Gary Lynagh

Personal information
- Born: Gary Joseph James Lynagh 4 June 1970 (age 56)
- Years active: 1988–98

Sport
- Sport: Rowing
- Club: Commercial Rowing Club

Medal record
Men's rowing
Representing Australia
World Rowing Championships
| Gold medal – first place | 1991 Vienna | Lwt quad scull |
| Gold medal – first place | 1992 Montreal | Lwt double scull |
| Gold medal – first place | 1993 Račice | Lwt double scull |
| Silver medal – second place | 1994 Indianapolis | Lwt four |
| Bronze medal – third place | 1990 Tasmania | Lwt quad scull |
Commonwealth Rowing Championships
| Gold medal – first place | 1994 Ontario | Lwt four |

= Gary Lynagh =

Australian rower

Gary Joseph James Lynagh (born 4 June 1970) is an eleven time Australian national champion, three time World Champion and Olympian lightweight rower. He represented Australia at every premier international regatta from 1990 to 1998.

==Club and state rowing==
Lynagh's senior rowing was from the Commercial Rowing Club in Brisbane. He began contesting national lightweight championship sculling titles at the Australian Rowing Championships in 1988 representing Commercial. In 1989 he was in a composite Queensland lightweight eight who won the national title and in 1990 he won two Australian national championships – the lightweight double scull and the quad scull titles. He won the national championship quad in 1991, a single sculls title in 1992, the double scull in 1993 and 1994 and the quad in 1993, 1994 and 1996. In 1996 in a composite Australian selection crew Lynagh also won the national lightweight coxless four title at the Australian Championships.

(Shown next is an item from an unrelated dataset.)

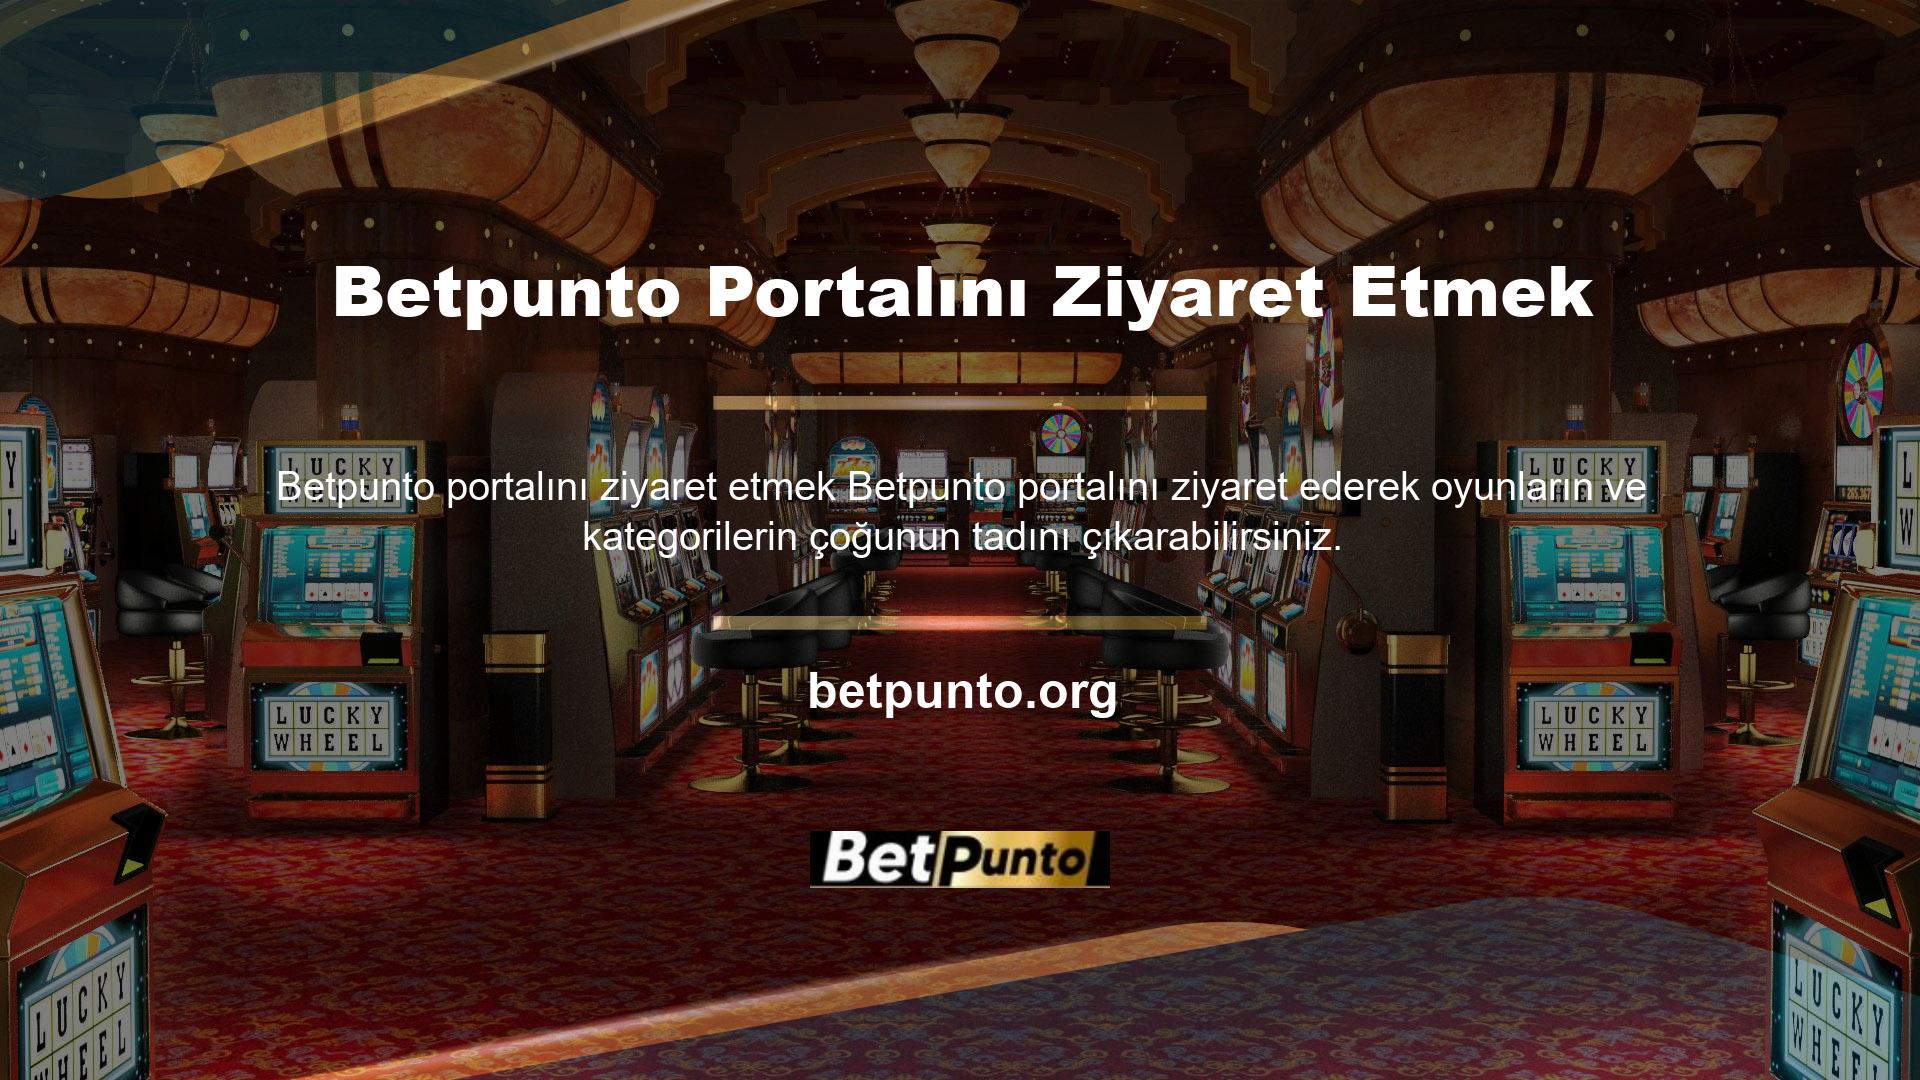 Betpunto giriş adresi yakında sitemizde paylaşılacak ve güncellenecektir, bu nedenle bahisçiler ve casino tutkunları için bir sürpriz olmamalıdır
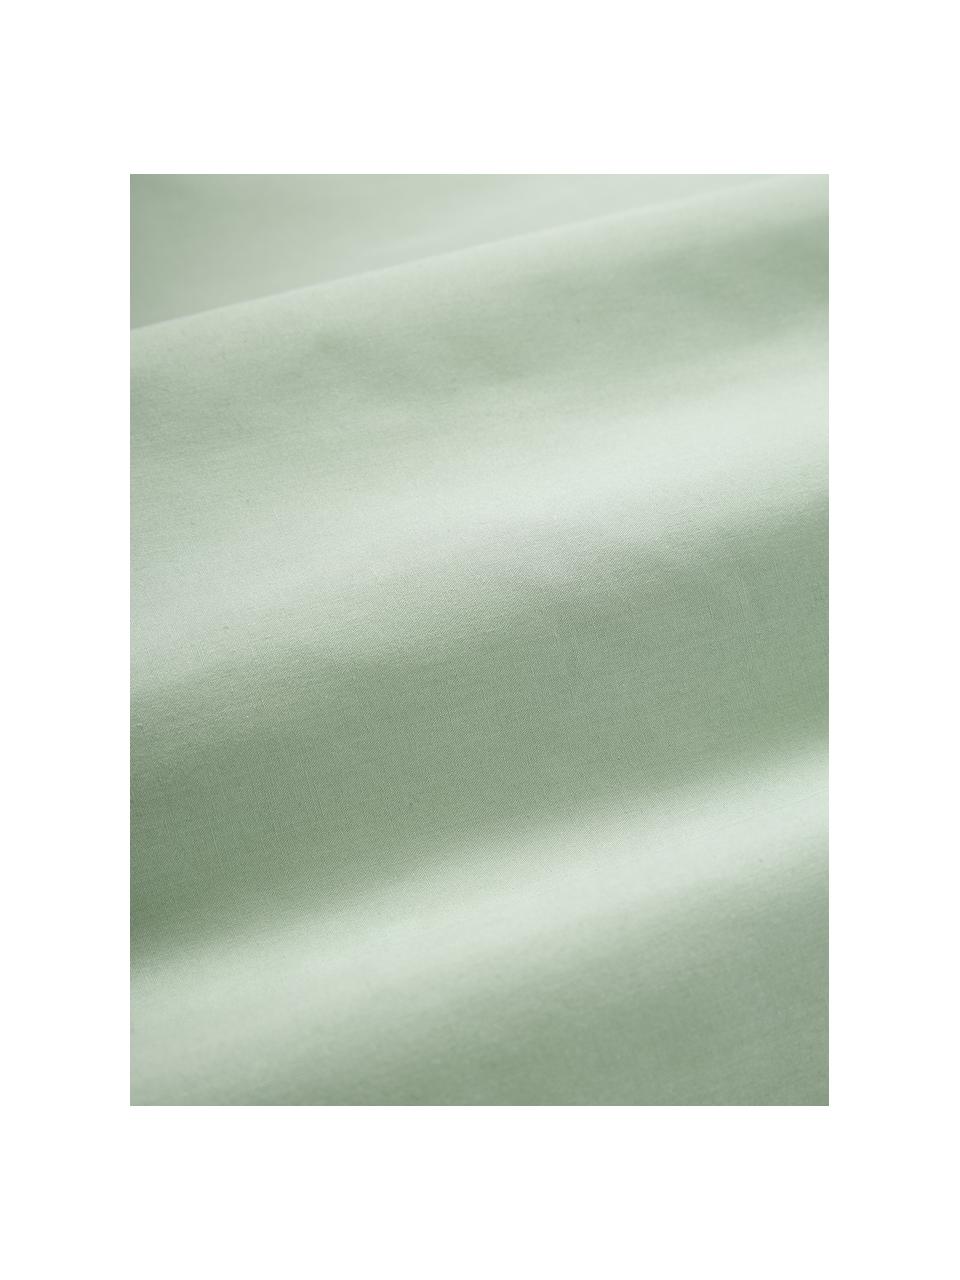 Poszewka na poduszkę z perkalu Elsie, 2 szt., Zielony, S 40 x D 80 cm

He raced in the Queensland representative men's lightweight four who contested the Penrith Cup at the Interstate Regatta in 1992, 1995, 1996 and 1998. He contested the heavyweight singles sculls championship – the President's Cup – representing Queensland in 1993 and 1994.

==International representative rowing==
Lynagh was first selected to represent Australia at Lake Barrington 1990 in the lightweight Australian quad scull. Lynagh rowed with Bruce Hick and two Tasmanians – Simon Burgess and Stephen Hawkins – to a bronze medal. The following year at Vienna 1991 that same crew won gold and a World Championship title. They rowed through the field and won by 0.23 seconds.

In 1992 Stephen Hawkins was selected in the Olympic heavyweight double scull and so the champion lightweight quad was broken up. At the 1992 lightweight World Championships Lynagh and Hick had success as a double winning the lightweight double scull world championship title . They repeated this feat at Racice 1993.

By Indianapolis 1994 Lynagh and Hick were rowing in the lightweight coxless four with South Australians Andrew Stunnell and James Seppelt. They took the silver medal. Lynagh was back in the quad for Tampere 1995 – he stroked that crew to a sixth placing.

In the 1995 Australia Day Honours Lynagh was awarded the Medal of the Order of Australia for "service to rowing".

The 1996 Summer Olympics in Atlanta saw lightweight events introduced to the Olympic regatta for the first time. Lynagh was selected with his longstanding sculling partner Simon Burgess in the lightweight coxless four along with Haimish Karrasch and David Belcher. They made the Olympic final and placed sixth.

Lynagh competed at all four World Rowing Cup events on the international calendar in 1997 and 1998. He was teamed with Anthony Edwards for the 1997 World Rowing Championships in Aiguebelette, stroking their double scull to fifth place. At the 1998 World Rowing Championships in Cologne he raced a double scull with his old partner Bruce Hick and had a disappointing result, finishing second in the repechage and third in the C/D semi-final for an overall 12th placing. This was his last representative appearance for Australia.